Get the basics sorted out.
I recently work on a project where the data is primarily from an enrichment-based assay. And this is the first time I work with such type of NGS data. Naturally, normalization is the first step after I get a count matrix, and naturally, I would try a library-size-based normalization, i.e. dividing the count of each feature by the total library size (and there could be more sophisticated operations like multiplying by a scalar to make the number looks larger, or accounting for gene length etc, but let’s just call this a library-size-based normalization). But as I think deeper on this general approach, I developed more doubts on it. Is it fair to do so? What if there is some global change between samples? For example in a ChIP-seq experiment, probably in an unlikely scenario, the transcription factor we are looking at binds 2 times more in one sample compared to another sample, after immunoprecipatation, we would get a lot more fragments in that super active sample, how do we justify the idea of libray-size based normaliztion, and how do we check for such a “global” activation? Remember, in reality, as a computational scientist, we only see the numbers in the count matrix, or bam reads, and we don’t have (or shouldn’t have (think double-blined clinical trials)) the knowledge about the ground truth.
It is always easier to learn from something simpler, and generalize the learning to a more complicated experiment design. In a typcial RNA-seq experiments, we are comparing gene expression beteen sample groups, for example, tumor vs normal, treatment vs control. The differences we observe in library sizes could be resulted from differences in the following1:
Let’s tackle them one by one:
Basically all these biases could potentially change the library size, and usually the experiment is affected by multiple factors. Library-size-based normalization makes us comparing groups in a per unit library size (usually per million) basis, addressing all these biases. Anything that is not random here (except for comparison groups), can be accounted for by batch correction.
Long story short, why is it okay to compare in unit library size?

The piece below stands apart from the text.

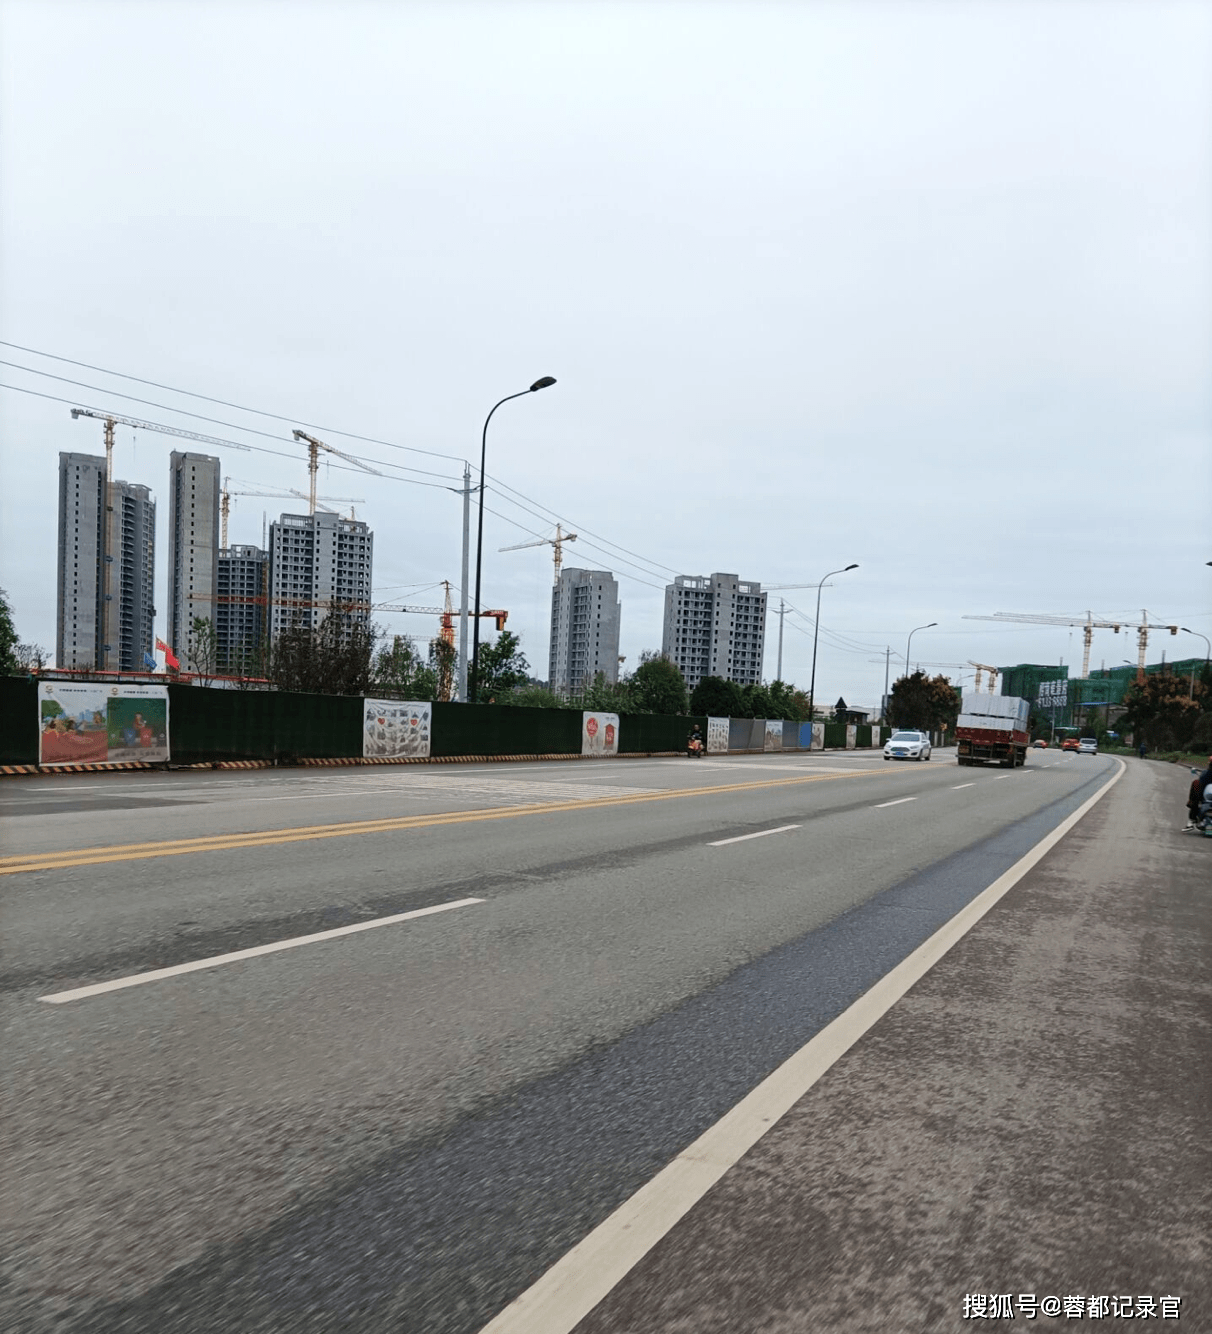 三木路连接着新都城区,三河街道,木兰,石板滩,如今的石板滩作为新都

Because the factors that result in library size differences are not of our interest.
Let’s take a look at a general ChIP-seq experiment workflow:
In the immunoprecipitation (IP) step, DNA that were bound by the target protein (e.g. transcription factor) are grabbed (others are washed out) and subjected to sequencing. Imaging we are comparing group A and B, and we start off with the same amount of cells, we cross link, shear DNA strands, we precipitate and unlink DNA from protein, we reach the sequencing step, we would most likely end up with different amounts of DNA material, when libraries are constructed, similar amount of DNA would be loaded to the sequencer such that we lose the informatoin that how much binding happend in total. We can not say enrichment of binding in this site is more in A than B, but we can say enrichment of binding in this site is more in A comparing to A’s other binding sites than in B comparing to B’s other binding sites.
Because of the addtional IP step in ChIP-seq, there are some other sources biases.

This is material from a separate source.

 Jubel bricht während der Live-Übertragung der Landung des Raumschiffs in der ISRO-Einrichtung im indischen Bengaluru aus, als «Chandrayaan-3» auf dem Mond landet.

Two major differences from RNA-seq data:
Knowing the two details of the data, it makes more sense to normalize against the total reads in peaks than the full library size to also account for the ChIP efficiency bias. As I have already said, at this stage we already gave up studying the global absolute shift of signals, we are doing this in relative terms.
Please take a look at the DiffBind tutorial4 to see even more details in normalization. They compared full library size with read in peaks, and mentioned background normalization, where larger bins are formed. Coupled with TMM, it can yield more robust results.
Then how do we know if there is a global binding shift?
Experimentally The best practice to have “spike-in” samples (Orlando, David A., et al. “Quantitative ChIP-Seq normalization reveals global modulation of the epigenome.” Cell reports 9.3 (2014): 1163-1170.), which are made of known quantity of exogenous (mostly drosophila when study human samples) DNA or chromatin. They are added to all the samples in the study right before all the processing steps. Unlike the input controls we talked about, they are also immunoprecipitated. Because we know their quantities (amount of bindings) are equal across all the samples, after all the procedures, they should, in theory, yield the same amount of DNA fragments in the final library. Any difference are for sure technical biases, such as variations in immunoprecipitation efficiency, sequencing depth, or library preparation. And these biases are the same biases the actual samples are suffering from. So if we normalize our human samples with the spike-ins we correct for technical biases and isolate true biological signals.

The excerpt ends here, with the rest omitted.